#### What the exercise asks:
From the first line of the entries below, reproduce everything exactly through the line with "Historiker Zeigen Mehrere", and nothing more.

*** Opening Data in this exercise ***

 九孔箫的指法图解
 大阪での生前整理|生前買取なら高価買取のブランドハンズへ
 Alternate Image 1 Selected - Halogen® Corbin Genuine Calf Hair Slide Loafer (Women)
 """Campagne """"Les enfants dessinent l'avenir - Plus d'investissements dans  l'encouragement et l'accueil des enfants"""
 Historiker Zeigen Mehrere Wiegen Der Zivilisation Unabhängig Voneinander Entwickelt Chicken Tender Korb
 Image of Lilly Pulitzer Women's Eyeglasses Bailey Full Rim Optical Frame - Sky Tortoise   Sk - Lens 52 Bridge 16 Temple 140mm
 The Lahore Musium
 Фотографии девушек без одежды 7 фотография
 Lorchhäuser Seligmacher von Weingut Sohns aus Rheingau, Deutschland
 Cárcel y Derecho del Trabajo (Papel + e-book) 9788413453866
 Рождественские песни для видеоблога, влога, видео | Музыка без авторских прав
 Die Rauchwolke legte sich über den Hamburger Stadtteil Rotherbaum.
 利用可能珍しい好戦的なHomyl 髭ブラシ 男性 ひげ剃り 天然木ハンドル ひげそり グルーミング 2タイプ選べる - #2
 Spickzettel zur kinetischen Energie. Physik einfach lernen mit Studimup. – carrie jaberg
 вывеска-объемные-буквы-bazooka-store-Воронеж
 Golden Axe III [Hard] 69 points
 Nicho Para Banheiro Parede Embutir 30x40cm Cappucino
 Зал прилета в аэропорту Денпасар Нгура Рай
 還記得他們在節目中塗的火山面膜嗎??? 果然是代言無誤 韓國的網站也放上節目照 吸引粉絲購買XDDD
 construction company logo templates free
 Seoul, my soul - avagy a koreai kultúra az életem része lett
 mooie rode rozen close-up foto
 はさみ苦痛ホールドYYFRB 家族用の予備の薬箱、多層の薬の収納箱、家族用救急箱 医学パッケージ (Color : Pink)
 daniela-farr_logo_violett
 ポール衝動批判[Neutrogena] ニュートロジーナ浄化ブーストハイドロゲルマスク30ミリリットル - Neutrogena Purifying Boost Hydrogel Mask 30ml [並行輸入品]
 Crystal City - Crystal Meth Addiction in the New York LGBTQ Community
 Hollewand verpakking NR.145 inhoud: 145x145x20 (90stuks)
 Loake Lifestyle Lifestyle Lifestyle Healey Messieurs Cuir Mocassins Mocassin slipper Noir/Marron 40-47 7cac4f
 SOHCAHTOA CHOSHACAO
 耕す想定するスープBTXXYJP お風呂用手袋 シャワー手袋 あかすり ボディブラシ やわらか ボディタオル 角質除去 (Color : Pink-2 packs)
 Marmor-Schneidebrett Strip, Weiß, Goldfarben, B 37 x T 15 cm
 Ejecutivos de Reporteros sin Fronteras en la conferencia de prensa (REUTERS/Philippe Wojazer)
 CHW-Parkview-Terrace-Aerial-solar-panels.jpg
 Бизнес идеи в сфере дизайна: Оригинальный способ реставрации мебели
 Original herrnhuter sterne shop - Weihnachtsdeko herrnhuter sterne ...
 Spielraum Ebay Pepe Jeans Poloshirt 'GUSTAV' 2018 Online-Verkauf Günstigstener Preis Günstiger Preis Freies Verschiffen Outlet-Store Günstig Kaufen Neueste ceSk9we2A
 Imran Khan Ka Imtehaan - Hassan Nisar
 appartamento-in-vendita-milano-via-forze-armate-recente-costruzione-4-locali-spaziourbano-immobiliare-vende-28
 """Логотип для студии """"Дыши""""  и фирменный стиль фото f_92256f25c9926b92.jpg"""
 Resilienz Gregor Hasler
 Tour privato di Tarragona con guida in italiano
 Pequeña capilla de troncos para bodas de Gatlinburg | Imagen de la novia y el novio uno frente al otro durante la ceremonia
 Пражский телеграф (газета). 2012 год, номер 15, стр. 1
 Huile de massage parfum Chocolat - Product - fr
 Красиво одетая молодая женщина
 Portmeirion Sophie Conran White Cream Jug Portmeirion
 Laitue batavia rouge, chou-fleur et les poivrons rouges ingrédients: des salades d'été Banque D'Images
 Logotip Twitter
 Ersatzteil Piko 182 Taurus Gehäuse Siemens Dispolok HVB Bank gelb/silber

*** Closing Data in this exercise ***

#### Answer area:
 九孔箫的指法图解
 大阪での生前整理|生前買取なら高価買取のブランドハンズへ
 Alternate Image 1 Selected - Halogen® Corbin Genuine Calf Hair Slide Loafer (Women)
 """Campagne """"Les enfants dessinent l'avenir - Plus d'investissements dans  l'encouragement et l'accueil des enfants"""
 Historiker Zeigen Mehrere Wiegen Der Zivilisation Unabhängig Voneinander Entwickelt Chicken Tender Korb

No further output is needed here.